Posted: 19th May 2014
Here we look at the provisional findings of the FCA’s first ever market study into general insurance add-on products (insurance products sold on the back of a primary product) initially launched by the FSA in 2012.
The study is interesting and highlights key aspects of the new regulatory regime, specifically behavioural characteristics that play a key role in understanding why, even with good quality and accurate information, consumers can still make poor financial decisions and advisers can still give unsuitable advice.
Within the insurance add-on markets five insurance products were targeted: travel, gadget, home emergency, personal accident (PA) and guaranteed asset protection (GAP). The findings and remedial actions, whilst relating specifically to these five products, will apply to all add-on products.
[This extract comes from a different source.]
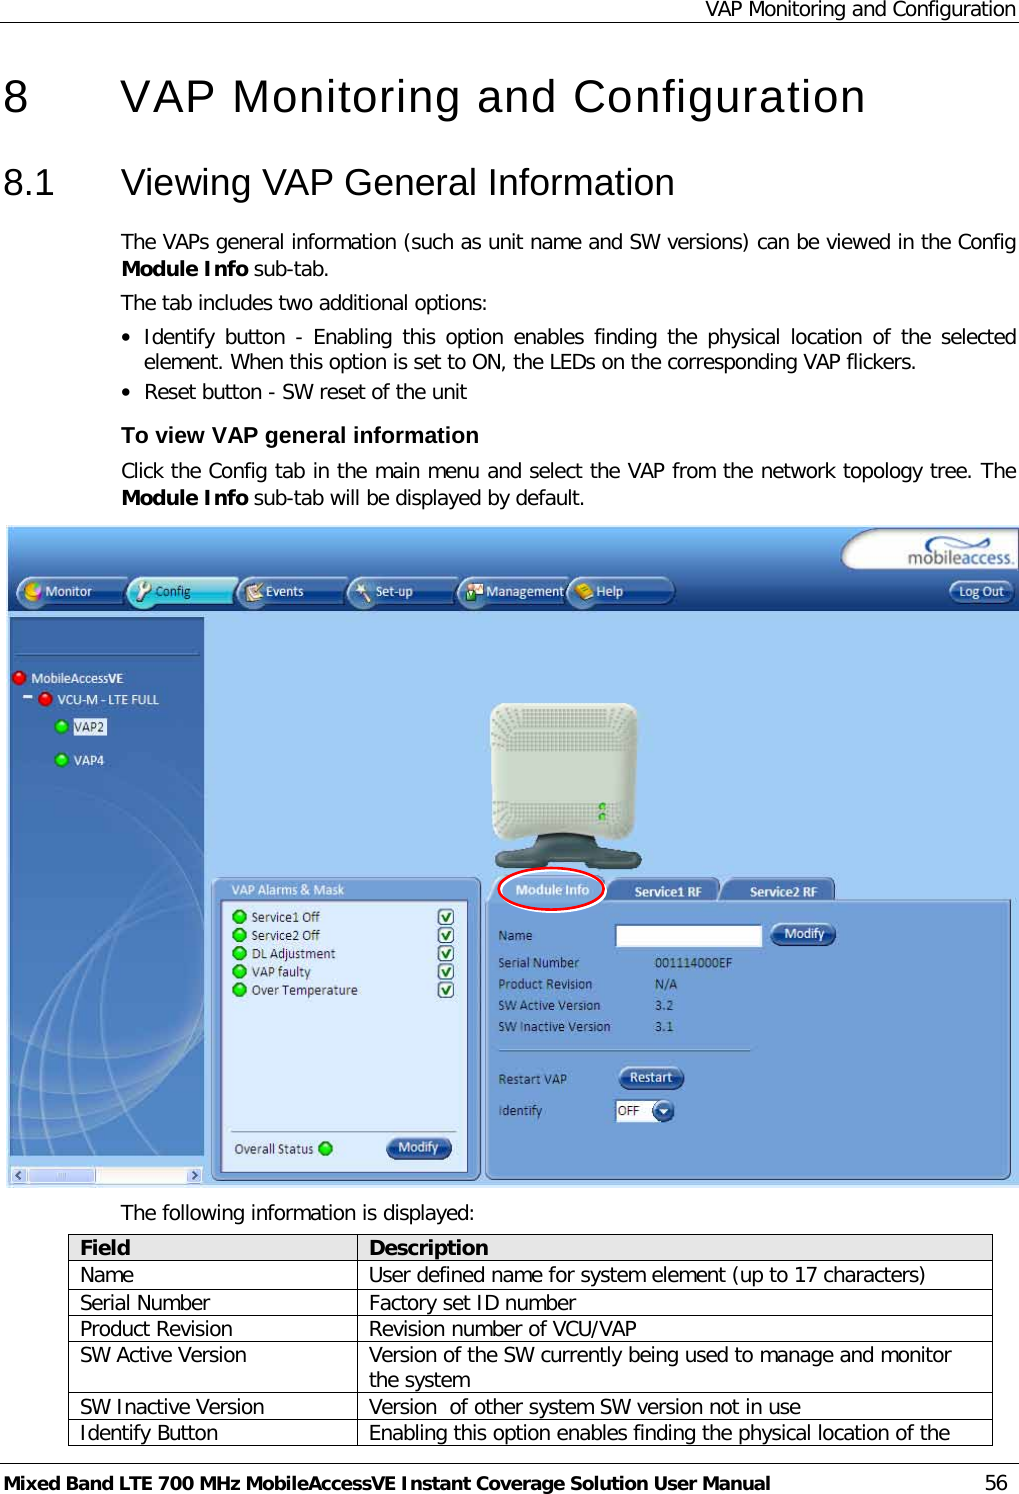 VAP Monitoring and Configuration Mixed Band LTE 700 MHz MobileAccessVE Instant Coverage Solution User Manual  56 8  VAP Monitoring and Configuration  8.1  Viewing VAP General Information The VAPs general information (such as unit name and SW versions) can be viewed in the Config Module Info sub-tab. The tab includes two additional options: • Identify button - Enabling this option enables finding the physical location of the selected element. When this option is set to ON, the LEDs on the corresponding VAP flickers. • Reset button - SW reset of the unit To view VAP general information Click the Config tab in the main menu and select the VAP from the network topology tree. The Module Info sub-tab will be displayed by default.  The following information is displayed: Field Description Name User defined name for system element (up to 17 characters) Serial Number Factory set ID number Product Revision Revision number of VCU/VAP SW Active Version Version of the SW currently being used to manage and monitor the system SW Inactive Version Version  of other system SW version not in use Identify Button Enabling this option enables finding the physical location of the 
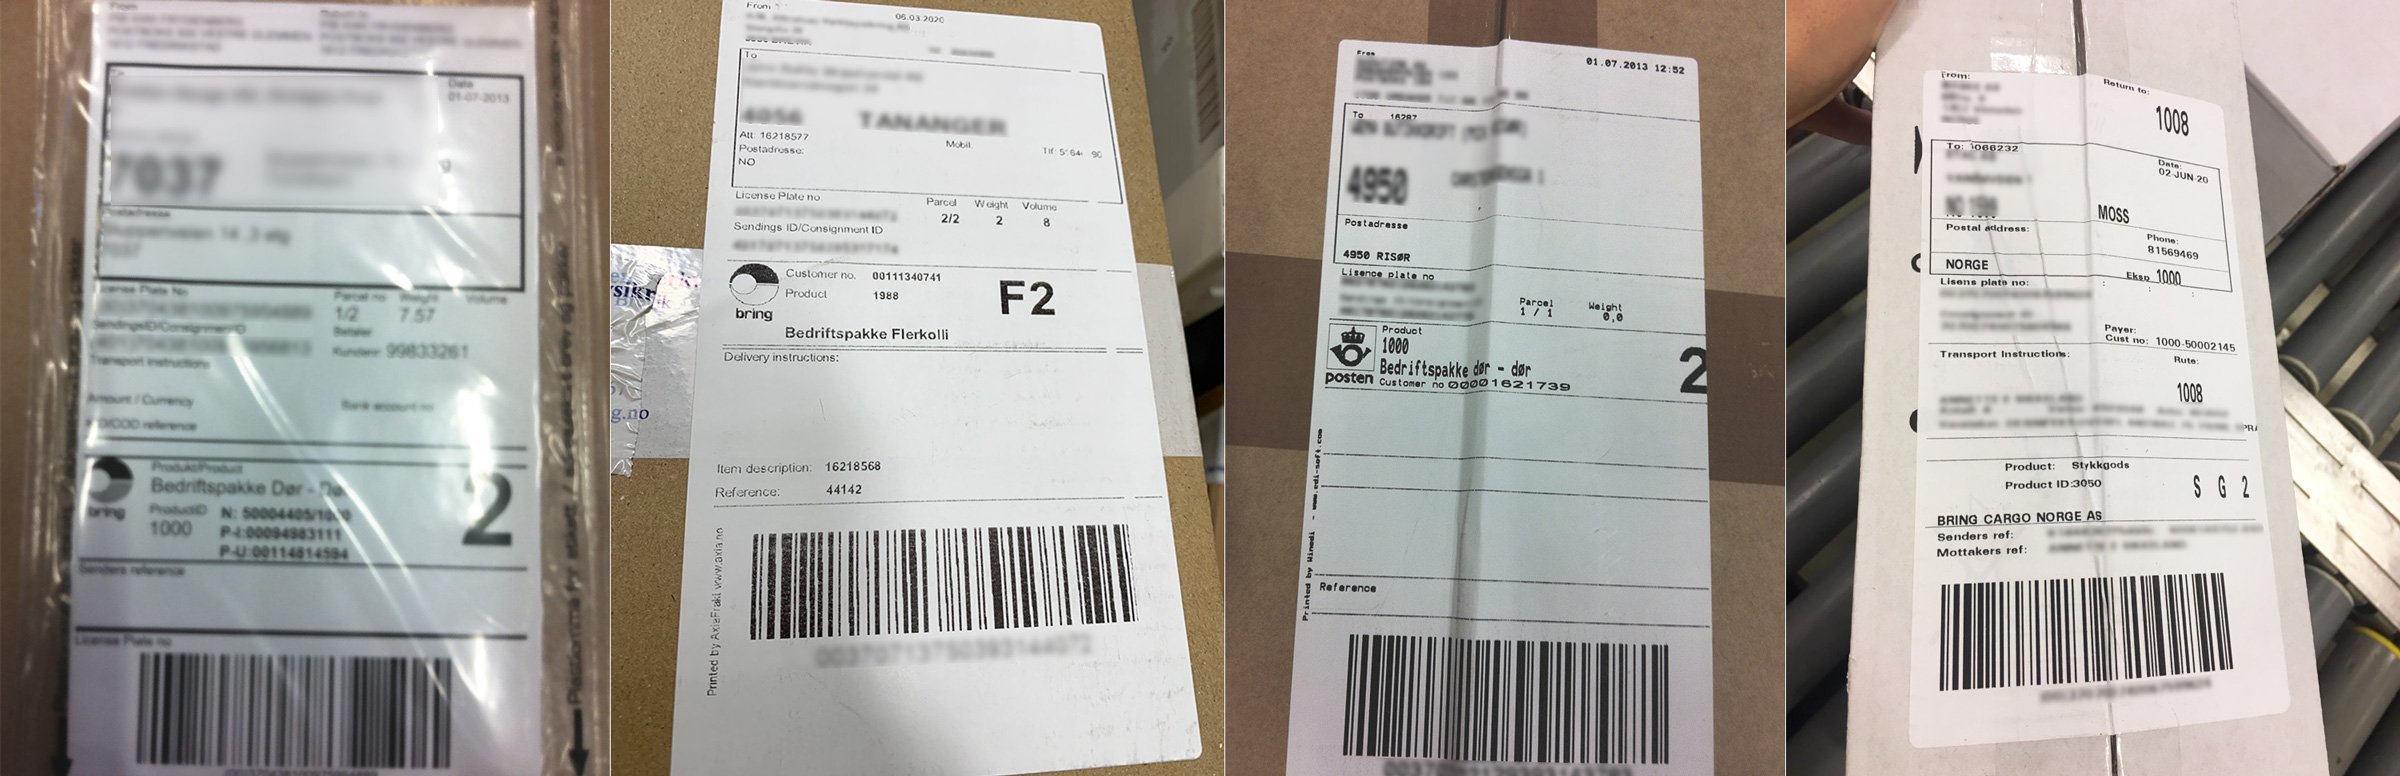 Image of parcels with different barcode labels

The headline finding was that the FCA found that competition in the add-ons market place is not effective. There is a risk of poor consumer outcomes and that consumers are paying significantly more than they need to. The regulator goes into further detail highlighting the following as key issues:
- Timing: selling customers an add-on as they purchase a new car increases conduct risk; the add-on can seem relatively cheap compared to the car price meaning consumers may buy something they do not require
- Add-on coverage: coverage details are unclear
- Product comparison: it is difficult for consumers to compare a standalone add-on product with the same cover packaged up in the cost of the primary product
- Weak consumer engagement: this provides firms with an incentive to sell products that might not meet consumers’ needs and charge high mark ups or both
- GAP: this was criticised most heavily out of the five products examined. The FCA commented that sales can be “particularly persuasive” with GAP sometimes being presented as “a way of securing a discount (on the car)”
- Claims ratio: this is a key indicator for the FCA to assess. GAP and PA were the worst offenders at 9% and 10% respectively i.e. out of every £1 paid for a PA policy only 10p went to pay claims and the rest to profit and expenses
- Net prices: the price the underwriter charges to the add-on distributor was on average only 23% of the total price to the consumer. However, the distributor would retain 77% of the premium and so earn a considerable profit margin. This mirrors the situation with PPI, where it was largely the distributors, often the banks, rather than the insurance underwriters, who made the profits on that product
- The “Waterbed effect”: the FCA did consider the argument that by charging inflated add-on prices the distributors could reduce the price of the primary product. However, the FCA was concerned about the distortions to the market caused by such cross subsidies. Those customers who did buy an add-on would be subsidising the cost of the primary product for those who did not. The resulting opaqueness of pricing overall would weaken the effectiveness of competition in the market
Actions and remedies
The FCA urges all firms to review their design, distribution and sales processes for add-on products. There should also be a wider consideration of whether a firm’s business model and processes are achieving the right outcomes for add-on customers.
The FCA have signposted a number of proposed changes. As the FCA takes steps to finalise its market study, firms should consider the preliminary findings to assess the potential impact new rules will have on its business and the options available.